Mobileye: Redundancy, Mapping, Safety

At this month’s virtual 2021 Consumer Electronics Show, Mobileye presented a lot. CEO Amnon Shashua sat for a friendly interview with Ed Niedermeyer, and Shashua also gave a standalone hour-long presentation about Mobileye’s technology.

Shashua highlighted three areas of differentiation that provide competitive advantages for Mobileye:

  • Redundancy
  • Mapping
  • Safety

Redundancy

The plan seems to be that Mobileye will build a camera-only driver assistance system, and then layer radar and lidar on top to get to Level 4 autonomy by 2025.

Mapping

Mobileye has worked to identify minimal amounts of high-valuable semantic mapping data that it can collect from each customer vehicle. Shashua says that uploading this data back to Mobileye costs about $1 per vehicle per year.

Safety

Several years ago Mobileye published RSS: Responsibility-Sensitive Safety. This is Mobileye’s approach to safety. Shashua views this framework as a key advantage for Mobileye. I confess I don’t understand how this approach compares to other efforts to validate AV safety.

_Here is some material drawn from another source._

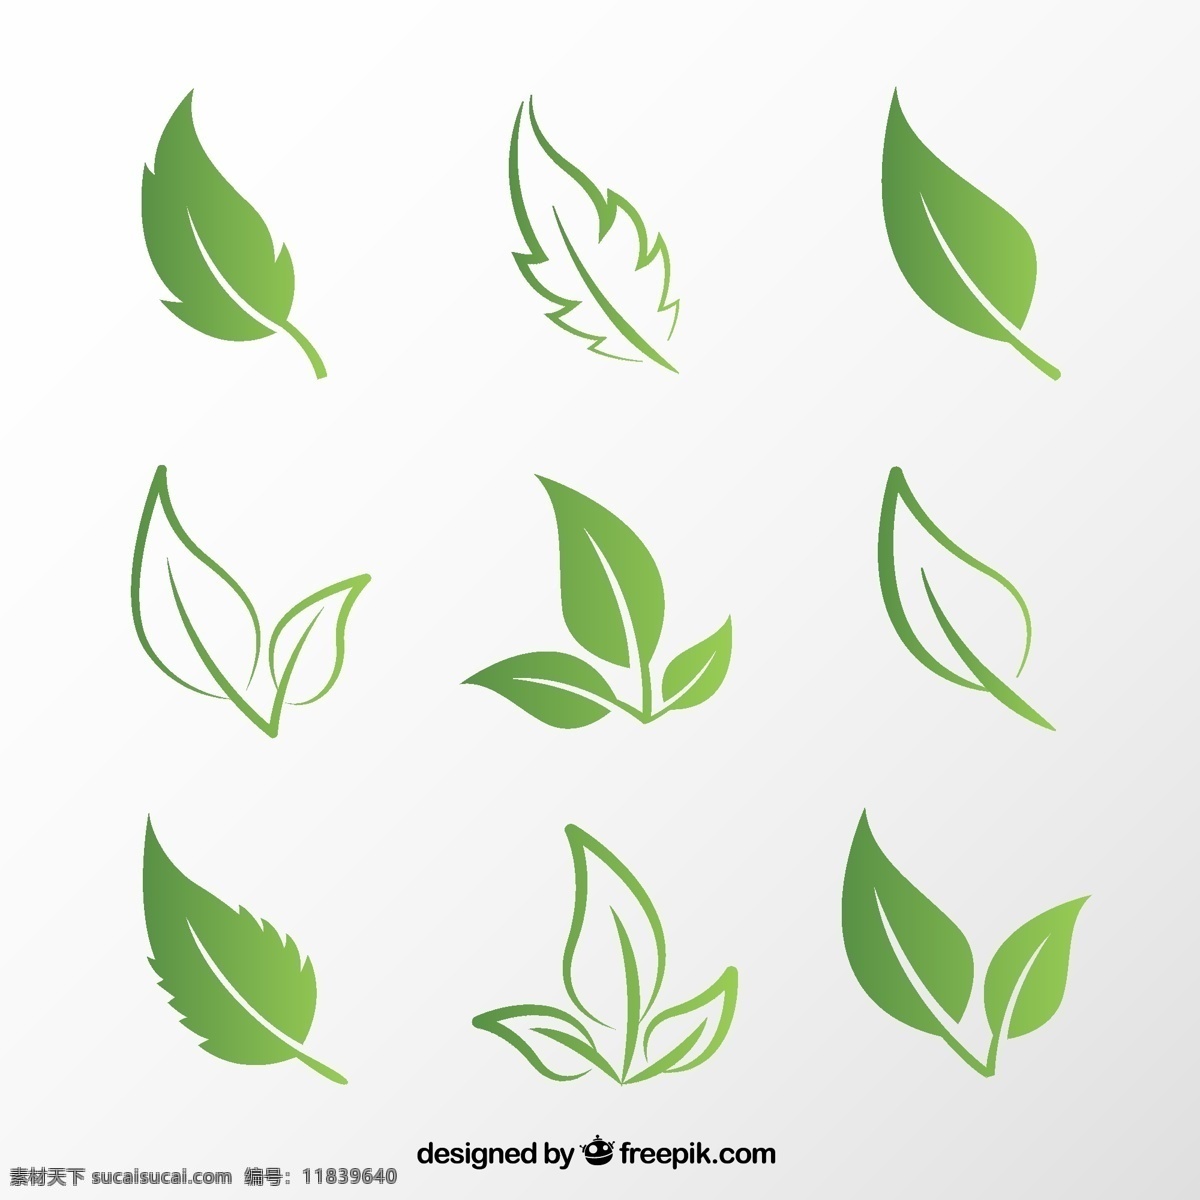 款 创意 绿叶 矢量 绿叶设计 矢量素材下载 植物 树叶 叶子 矢量图 ai格式 标志图标 其他图标

I’m not sure how much to believe in the power of these advantages. But Mobileye is the world’s premier ADAS vendor and in the past I’ve found Mobileye a bit hard to learn about. So it’s a step forward to even get a sense of how they view their own advantages.

Argo’s 4th Generation Hardware

In Ground Truth, Argo’s autonomous vehicle publication, CTO Brett Browning provides an overview of their new hardware stack.

“Our new SDS [self-driving system] leverages customized components — not off-the-shelf stuff — including high-resolution cameras, lidar, radar, microphones, and inertial sensors, that meet rigorous industry safety standards.”

A few points struck me.

Microphones

Argo’s new setup includes three microphones, “to effectively listen for emergency responder vehicles.”

Waymo includes these sensors as well. I wonder how else Argo might be able to use audio, beyond first-responder detection.

Sensor Cleaning

“The new lidar base contains water jets for cleaning and fans for cooling, allowing the sensors to efficiently operate in extreme temperatures and for the optical windows to be automatically cleaned if they’re ever obstructed by rain or dirt.”

Making sure that all of the sensors is clean is one of those operational details that engineers could ignore a few years ago. But for production vehicles, this becomes critical. Argo must care about this even more than most companies, given its focus on operating in a wide variety of climates.

Redundancy

The post mentions several times that the new stack has computation redundancy.

“We have two independent computing systems that serve to maintain safe operations.”

The description is a bit vague on some important details. It’s unclear whether the secondary stack (labeled Complementary Autonomous Vehicle System — CAVS) is “fail-safe” or “fail-operational.” That is, if the primary system fails, can CAVS complete the vehicle’s route, or does it simply pull to the side safely and wait for assistance?

The post is also a bit unclear as to whether CAVS is a separate and redundant system, or whether it participates in the functionality of the primary system.

“… the computers use different detection algorithms so the backup computer has a unique perception ability which improves the robustness of response in an unexpected situation.”


Regardless of the nitty gritty details, it sounds like this system is a big step forward for Argo!